As resistance to standard antibiotics grows, RedHill's H. pylori regimen secures FDA approval
In 2017, the WHO designated clarithromycin-resistant H. pylori, a bacterial infection that affects more than half of the global population, a high priority for antibiotic research and development. On Monday, Israel’s RedHill Biopharma secured FDA approval for its rifabutin-based regimen to address the alarming rates of resistance to standard-of-care therapies.
The new drug will be marketed as Talicia, and the company says it plans a launch in the first quarter of 2020. The therapy is an oral capsule comprising rifabutin, amoxicillin and a proton pump inhibitor, omeprazole, and was tested in two late-stage trials, ERADICATE Hp and ERADICATE Hp2.

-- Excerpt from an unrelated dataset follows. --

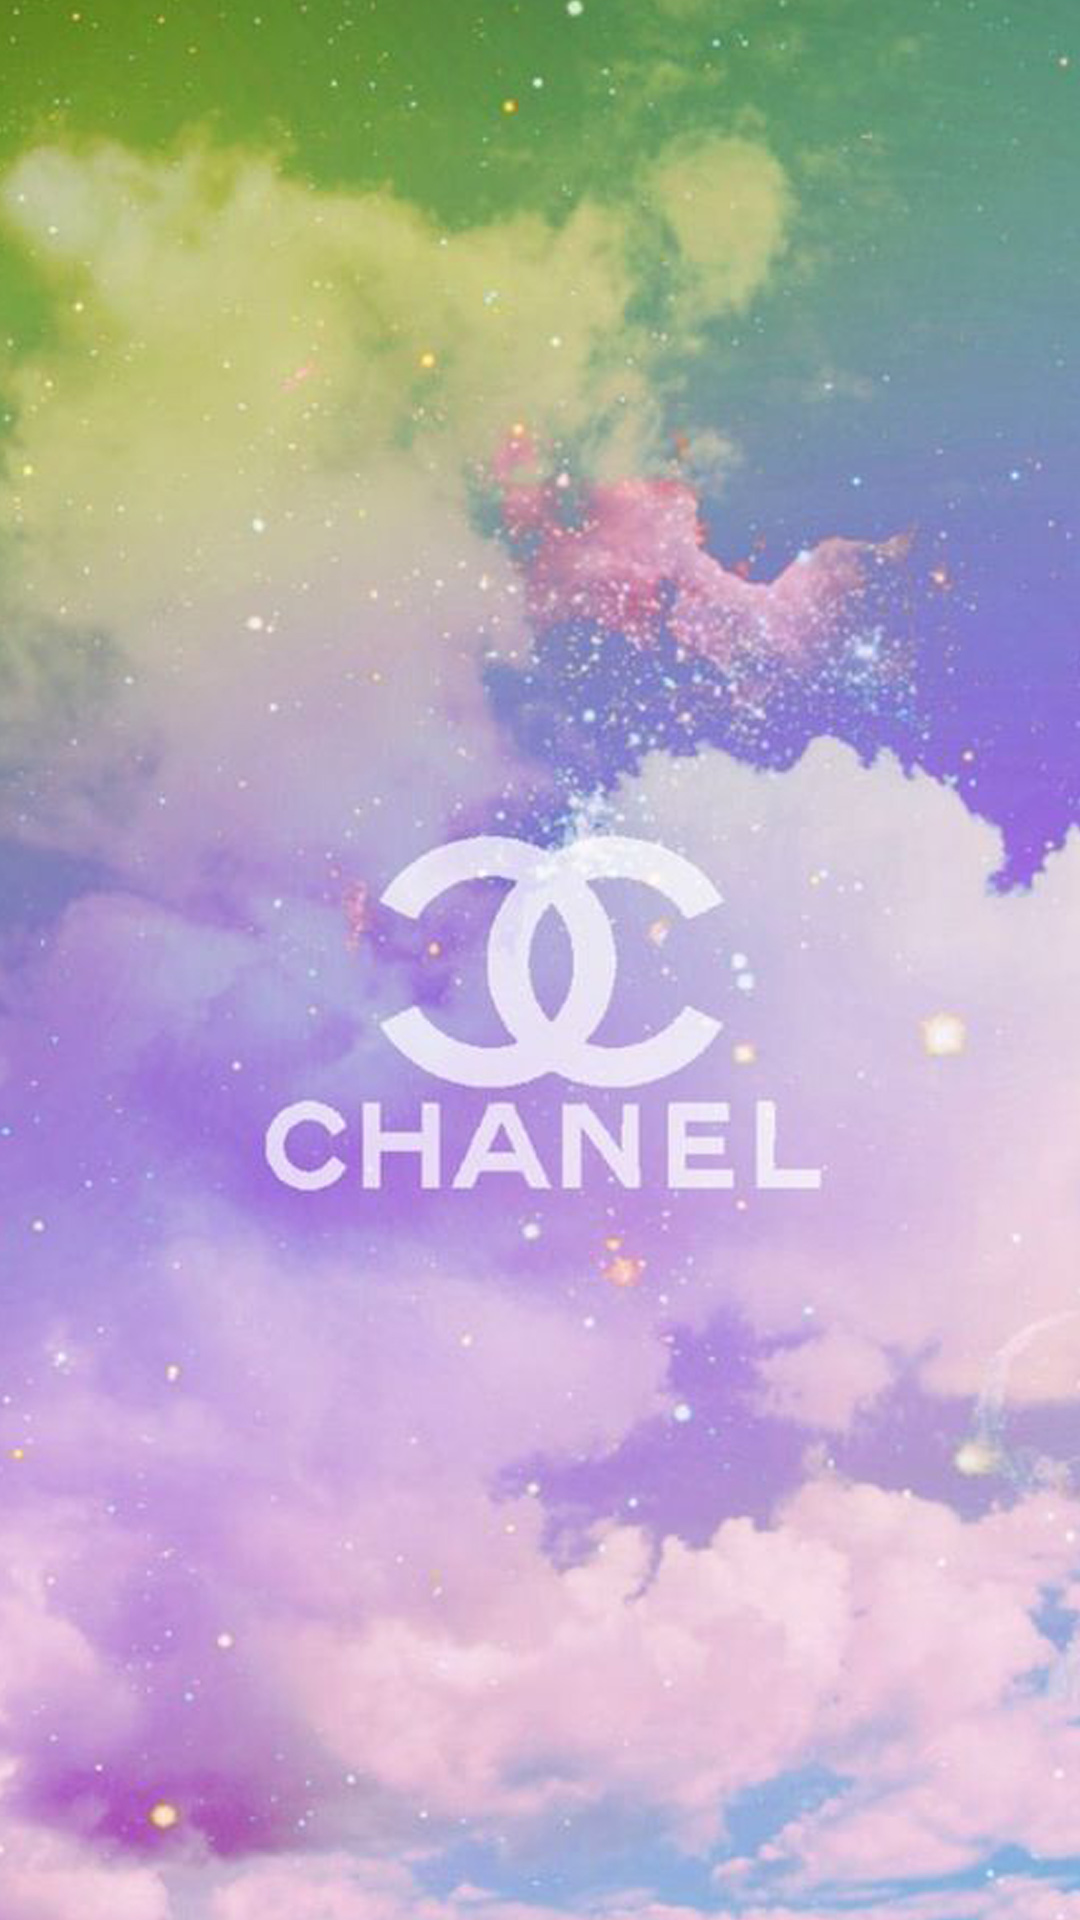 Hãy dành chút thời gian duy nhất để chiêm ngưỡng những hình nền Chanel độc đáo và lộng lẫy tại đây. Bạn sẽ không thể rời mắt khỏi những họa tiết cực kỳ quyến rũ này.

Shares of the drugmaker $RDHL jumped about 15.6% to $8 premarket on Monday.
In the ERADICATE Hp study, Talicia, showed 89.4% efficacy in eradicating H. pylori infection, surpassing the historical standard-of-care efficacy levels of 70%.
In the confirmatory ERADICATE Hp2 trial, Talicia was tested against an active comparator therapy — an amoxicillin and omeprazole regimen. Data showed an 84% eradication of H. pylori infection with Talicia versus 58% in those who got the other treatment. Trial data also demonstrated patients experienced a high resistance to the standard-of-care — consistent with their deteriorating efficacy — the company said when it published the results last December.
“Studies with Talicia found zero resistance to rifabutin and showed 17% resistance to clarithromycin, a current standard-of-care macrolide antibiotic, consistent with current data showing that clarithromycin-containing therapies fail in approximately 25-40% of cases,” said David Graham, lead investigator of the Talicia phase III studies, in a statement.
About two-thirds of the world’s population have H. pylori in their bodies. But for most, it doesn’t cause ulcers or any other symptoms. However, it is a major cause of peptic ulcer and gastritis and is considered the strongest risk for gastric cancer. About 35%, or over 100 million people, in the United States are infected, with an estimated 2.5 million patients treated annually in the region.
The growing scourge of antibiotic resistance is a global issue that should arguably entice a swarm of R&D dollars, but these drugs command relatively cheap prices and do not offer a rich reimbursement, like cancer drugs, which has incentivized most big pharmaceutical companies to focus their attention elsewhere. However, a handful of small and big names are keeping the R&D engine hot. Tel Aviv’s Redhill is one of them, and the FDA has rewarded their dogged focus by giving Talicia all the bells and whistles to hasten its path toward approval.
The drug was granted the Qualified Infectious Disease Product designation as well as fast-track status by the regulator, including a six-month priority review and eight years of US market exclusivity. The product is also protected until at least 2034, under various US patents.